Conduction abnormalities and cardiac arrhythmias represent a major cause of mortality in MMD1; thus the prevention of sudden cardiac death (SCD) is central to patient management [3,4,5,6]. Cardiac involvement initially manifests as asymptomatic electrocardiographic (ECG) abnormalities, typically prolongation of the PR and QRS intervals progressing to more advanced conduction disease including sinus node dysfunction and heart block as well as atrial tachycardia, and ventricular tachycardia or fibrillation [3,4,5]. Progression of conduction system disease to complete atrioventricular (AV) block is the presumed cause of SCD in a high proportion of patients [3,4,5]. Implantation of a permanent pacemaker (PPM) has been found useful even in asymptomatic patients with an abnormal resting ECG or with HV interval prolongation during electrophysiological study as the disease course can have unpredictable progression to advanced conduction disease [5, 6]. Therefore, permanent pacing has been recommended by the American College of Cardiology and the American Heart Association when complete AV block or advanced high-degree AV block are detected (class I indication), or prophylactically for patients presenting with first-degree AV or fascicular block on the ECG (class IIb indication) [5].
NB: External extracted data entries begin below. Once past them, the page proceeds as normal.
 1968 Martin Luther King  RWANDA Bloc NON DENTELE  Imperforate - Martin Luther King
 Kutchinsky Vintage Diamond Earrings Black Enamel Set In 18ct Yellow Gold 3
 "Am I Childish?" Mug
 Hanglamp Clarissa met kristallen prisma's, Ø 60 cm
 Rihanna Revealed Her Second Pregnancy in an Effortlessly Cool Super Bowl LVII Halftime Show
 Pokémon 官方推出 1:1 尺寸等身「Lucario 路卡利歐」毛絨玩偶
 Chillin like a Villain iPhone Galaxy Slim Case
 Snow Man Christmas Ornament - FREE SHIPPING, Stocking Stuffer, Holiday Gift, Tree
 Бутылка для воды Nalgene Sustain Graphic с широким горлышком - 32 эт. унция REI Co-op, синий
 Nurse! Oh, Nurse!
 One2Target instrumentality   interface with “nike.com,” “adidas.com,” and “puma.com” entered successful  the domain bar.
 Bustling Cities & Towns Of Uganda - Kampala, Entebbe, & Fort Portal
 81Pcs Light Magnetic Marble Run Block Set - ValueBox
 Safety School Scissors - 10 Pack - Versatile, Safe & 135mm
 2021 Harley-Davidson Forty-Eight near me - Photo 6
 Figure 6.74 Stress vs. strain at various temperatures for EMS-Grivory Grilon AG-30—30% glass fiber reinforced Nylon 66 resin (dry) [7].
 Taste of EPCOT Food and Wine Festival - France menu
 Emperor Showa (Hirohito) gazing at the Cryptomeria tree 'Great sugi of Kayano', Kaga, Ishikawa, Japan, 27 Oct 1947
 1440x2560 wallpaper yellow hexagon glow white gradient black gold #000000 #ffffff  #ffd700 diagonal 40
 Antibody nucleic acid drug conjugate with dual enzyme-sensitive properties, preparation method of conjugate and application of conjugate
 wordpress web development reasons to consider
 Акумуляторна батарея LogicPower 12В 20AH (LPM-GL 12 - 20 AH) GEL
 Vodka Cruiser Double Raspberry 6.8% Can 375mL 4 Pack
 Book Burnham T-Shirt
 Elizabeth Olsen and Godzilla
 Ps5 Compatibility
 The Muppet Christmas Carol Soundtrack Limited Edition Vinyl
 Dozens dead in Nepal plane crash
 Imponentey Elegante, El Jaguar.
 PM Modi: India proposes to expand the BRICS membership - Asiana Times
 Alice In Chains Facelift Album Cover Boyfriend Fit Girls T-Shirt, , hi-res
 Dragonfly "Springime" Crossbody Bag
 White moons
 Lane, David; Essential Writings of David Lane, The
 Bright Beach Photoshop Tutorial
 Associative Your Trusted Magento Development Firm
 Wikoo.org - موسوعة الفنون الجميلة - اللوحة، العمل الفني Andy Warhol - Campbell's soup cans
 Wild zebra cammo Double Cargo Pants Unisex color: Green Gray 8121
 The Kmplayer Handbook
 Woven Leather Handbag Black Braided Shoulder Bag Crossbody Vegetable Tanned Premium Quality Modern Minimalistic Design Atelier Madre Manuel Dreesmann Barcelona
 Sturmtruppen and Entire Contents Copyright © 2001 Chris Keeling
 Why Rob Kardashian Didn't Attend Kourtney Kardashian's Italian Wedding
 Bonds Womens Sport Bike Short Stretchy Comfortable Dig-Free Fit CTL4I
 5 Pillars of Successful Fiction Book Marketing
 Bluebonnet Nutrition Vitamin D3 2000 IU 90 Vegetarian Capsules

Myocardial fibrosis has been identified in autopsies from patients with MMD1 together with fatty infiltration and myocyte hypertrophy and degeneration [7, 8]. Cardiac fibrosis and fatty infiltration most commonly affect the myocardium and the His–Purkinje system, but may also involve the sino-atrial and AV nodes thus providing a substrate for conduction abnormalities and arrhythmias [7, 9,10,11,12,13]. Cardiovascular magnetic resonance (CMR) studies using late gadolinium enhancement imaging (CMR-LGE), where abnormal appearance of the myocardium often represents fibrosis, have revealed a prevalence of myocardial fibrosis by LGE in MMD ranging from 0 to 40% [9,10,11,12,13,14]. However, variable associations between conduction abnormalities and myocardial fibrosis by CMR-LGE have been reported [9,10,11,12,13]. To date, there are no studies that have specifically explored the relationship between myocardial fibrosis by CMR-LGE and surface conduction abnormalities meeting criteria for PPM implant in MMD1, a procedure that is advocated for SCD prevention in patients with this disease [4, 5].

We sought to evaluate the association between the presence and extent of CMR-LGE myocardial fibrosis and surface conduction abnormalities meeting criteria for PPM implantation according to current guidelines in a cohort of patients with genetically confirmed MMD1.

Methods

Population selection

We retrospectively evaluated consecutive patients from the Muscular Dystrophy Clinic of The Ohio State University Medical Center, with genetically confirmed diagnosis of MMD1 referred for a clinical CMR between April 2012 and March 2017. Subsequent decision-making regarding PPM implantation was done at the clinical discretion of the referring provider, typically based on ECG findings, and did not incorporate CMR data. Standard 12-lead ECG performed within 6 months of CMR exam was necessary for inclusion. Exclusion criteria included standard contraindications to perform a CMR exam: severe claustrophobia, presence of a pacing device, ferromagnetic foreign body, active implant, known allergy to gadolinium-based contrast, or advanced kidney disease (e.g. glomerular filtration rate < 30 mL/min/1.73 m2). The Ohio State University Institutional Review Board approved this retrospective study and waived informed consent.

Clinical assessment

All patients underwent a comprehensive clinical evaluation and physical examination during their clinical visit. The severity and extent of MMD was quantified using a validated Muscular Impairment Rating Scale (MIRS) related to the clinical distribution and extent of muscle weakness and myotonia [15]. The New York Heart Association (NYHA) classification system was used to assess exercise capacity. Patient’s charts were reviewed up to 12 months after CMR to record date of PPM implant or occurrence of any other major adverse cardiac events defined as heart failure, ventricular arrhythmias, or death.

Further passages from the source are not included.